3. Find the average cholesterol of people older than 60

In [9]:
patient_chol = data[data['age'] > 60]['chol']
avg_patient_chol = patient_chol.mean()

print(f'Average patient cholesterol (age > 60): {avg_patient_chol}')

Average patient cholesterol (age > 60): 260.1518987341772


### Exercise - Netflix Subscriptions in pandas (E2)



1. Load the Netflix subscriptions data into a dataframe and display it


In [11]:
netflix_data = pd.read_csv('netflix.csv')

netflix_data.head(n=10)

Unnamed: 0,Country_code,Country,Total Library Size,No. of TV Shows,No. of Movies,Cost Per Month - Basic ($),Cost Per Month - Standard ($),Cost Per Month - Premium ($)
0,ar,Argentina,4760,3154,1606,3.74,6.3,9.26
1,au,Australia,6114,4050,2064,7.84,12.12,16.39
2,at,Austria,5640,3779,1861,9.03,14.67,20.32
3,be,Belgium,4990,3374,1616,10.16,15.24,20.32
4,bo,Bolivia,4991,3155,1836,7.99,10.99,13.99
5,br,Brazil,4972,3162,1810,4.61,7.11,9.96
6,bg,Bulgaria,6797,4819,1978,9.03,11.29,13.54
7,ca,Canada,6239,4311,1928,7.91,11.87,15.03
8,cl,Chile,4994,3156,1838,7.07,9.91,12.74
9,co,Colombia,4991,3156,1835,4.31,6.86,9.93



2. View all of the information for the country with the largest library size (code, name, library size, #tv_shows, #movies, basic subscription fee, etc.)


In [14]:
sorted_countries_library_size = netflix_data.sort_values(['Total Library Size'], ascending=False)

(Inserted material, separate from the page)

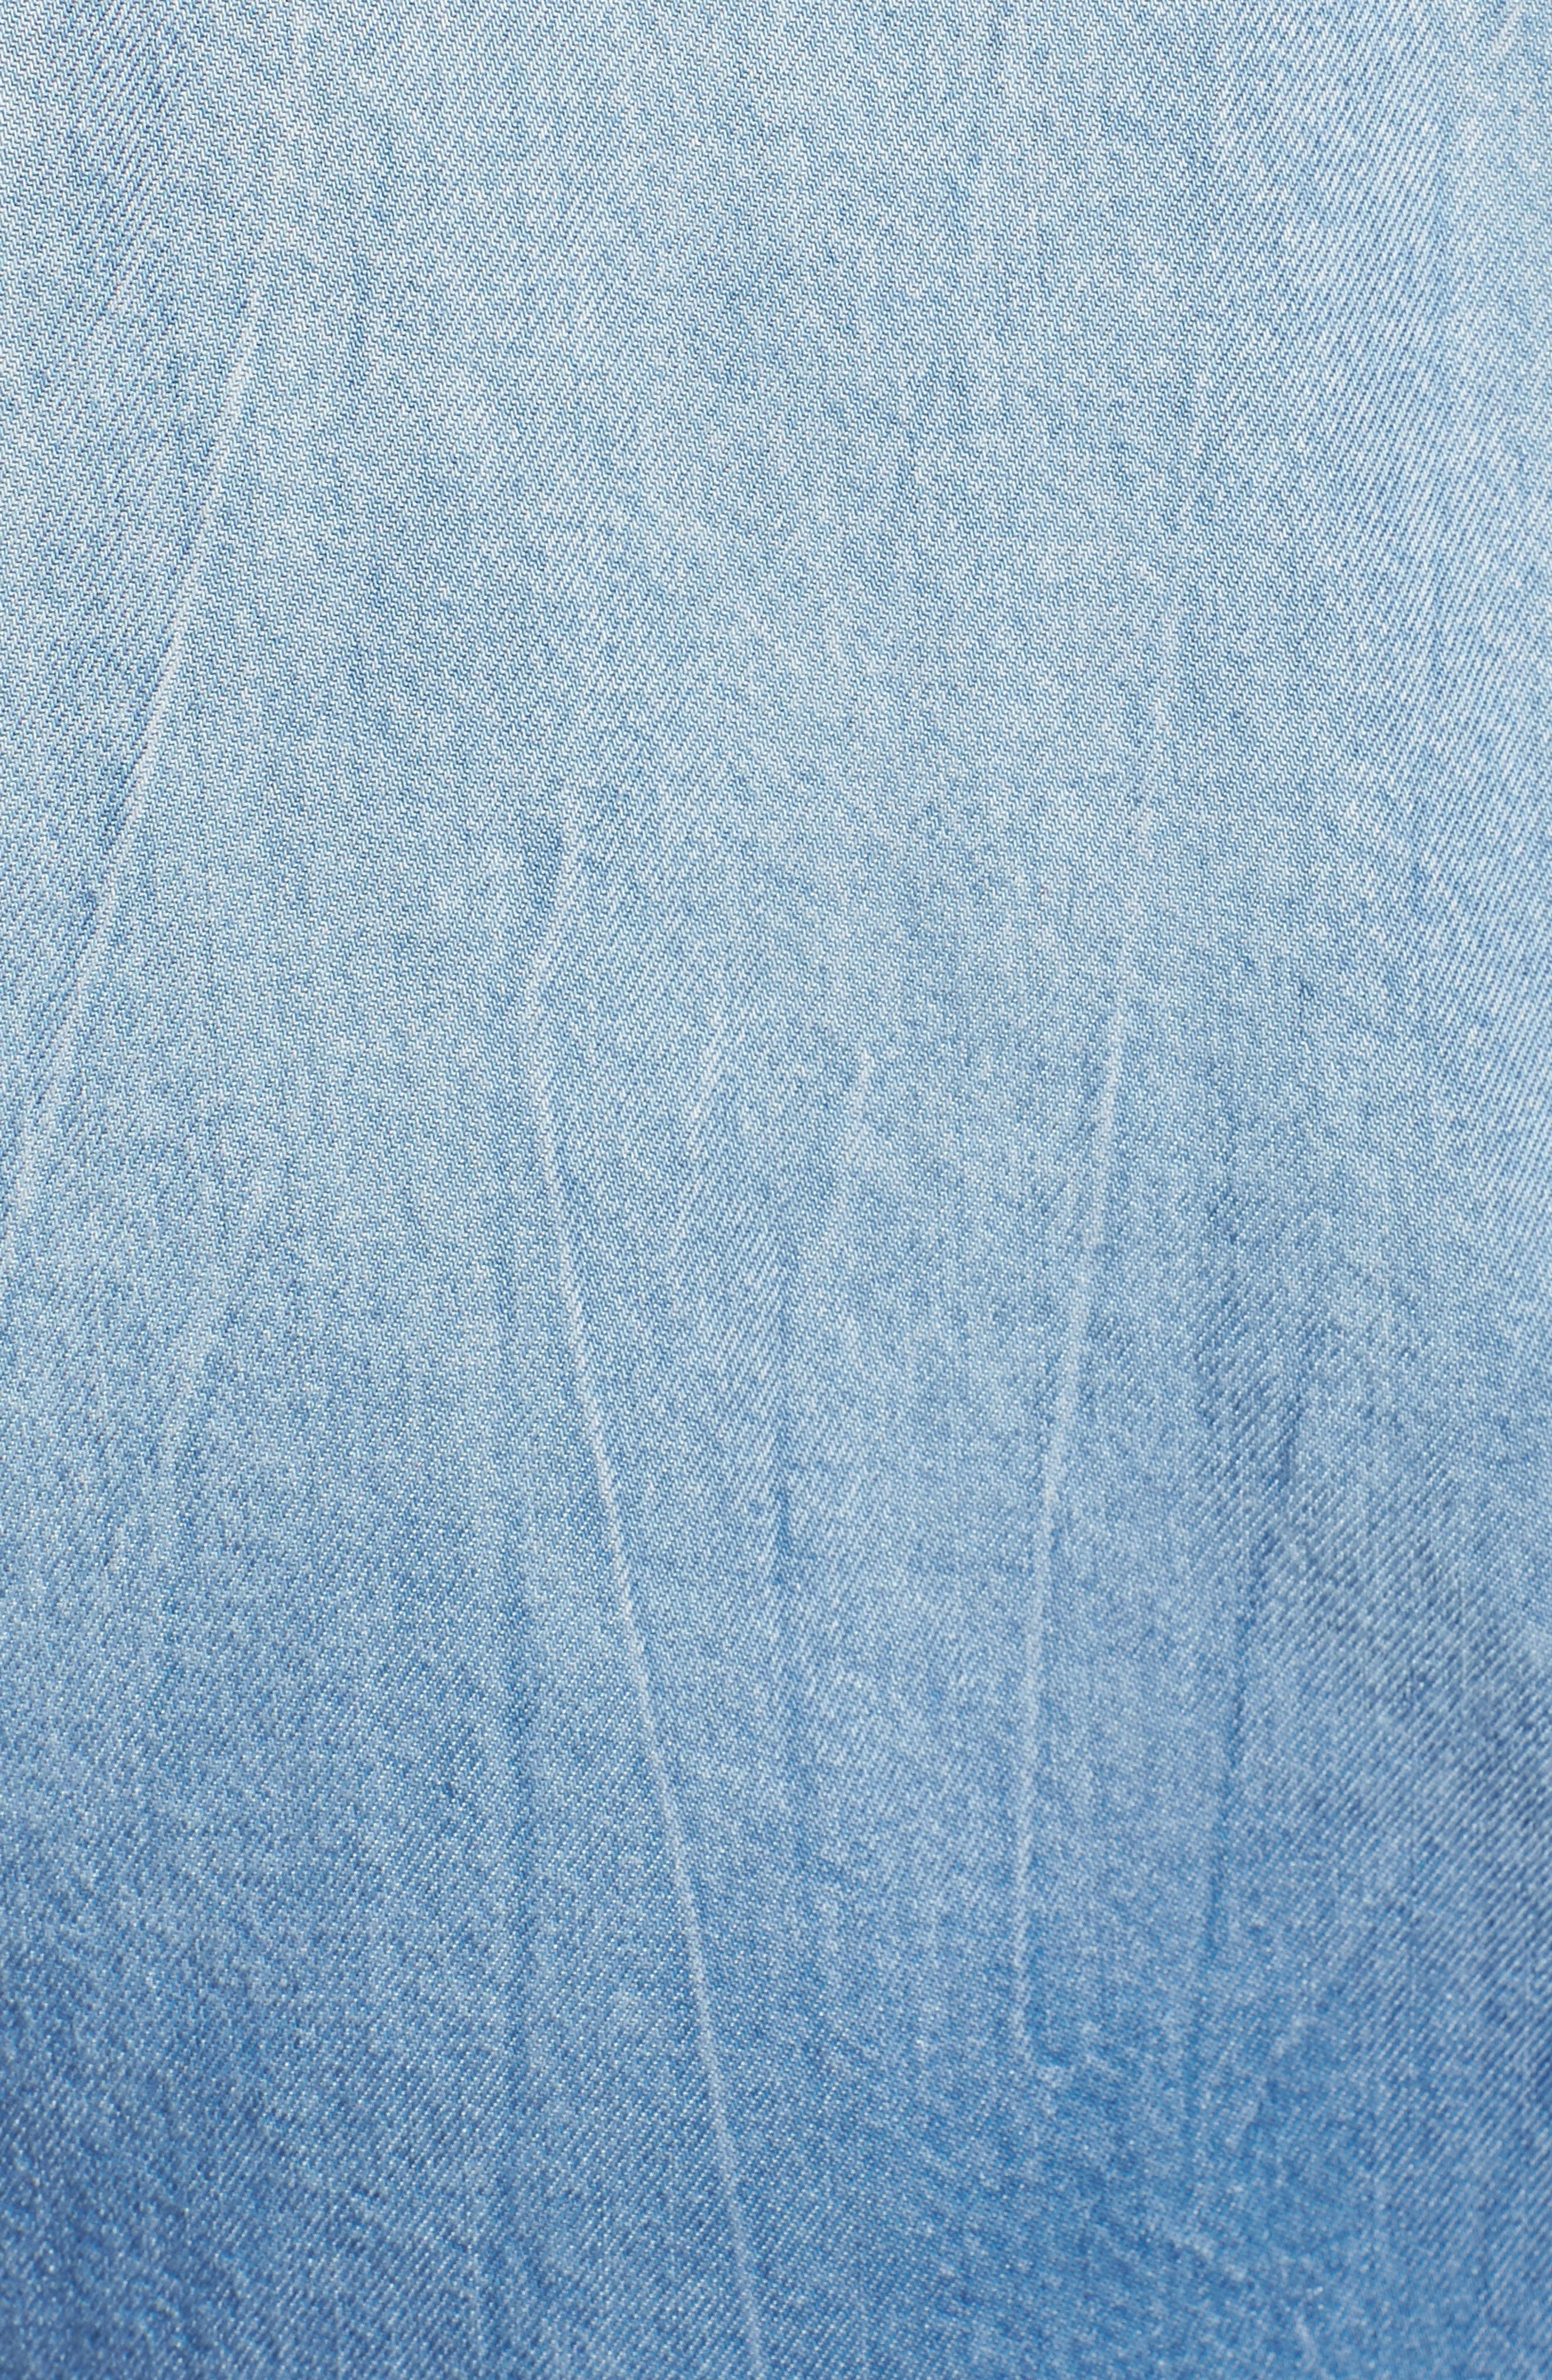 x Margherita Roma Indigo Shirt,                             Alternate thumbnail 5, color,                             Cielo Wash

sorted_countries_library_size.head(n=1)

Unnamed: 0,Country_code,Country,Total Library Size,No. of TV Shows,No. of Movies,Cost Per Month - Basic ($),Cost Per Month - Standard ($),Cost Per Month - Premium ($)
12,cz,Czechia,7325,5234,2091,8.83,11.49,14.15



3. View the countries with the highest basic subscription fees - it's sufficient to look at the top 5


In [15]:
sorted_countries_sub_fees = netflix_data.sort_values(['Cost Per Month - Basic ($)'], ascending=False)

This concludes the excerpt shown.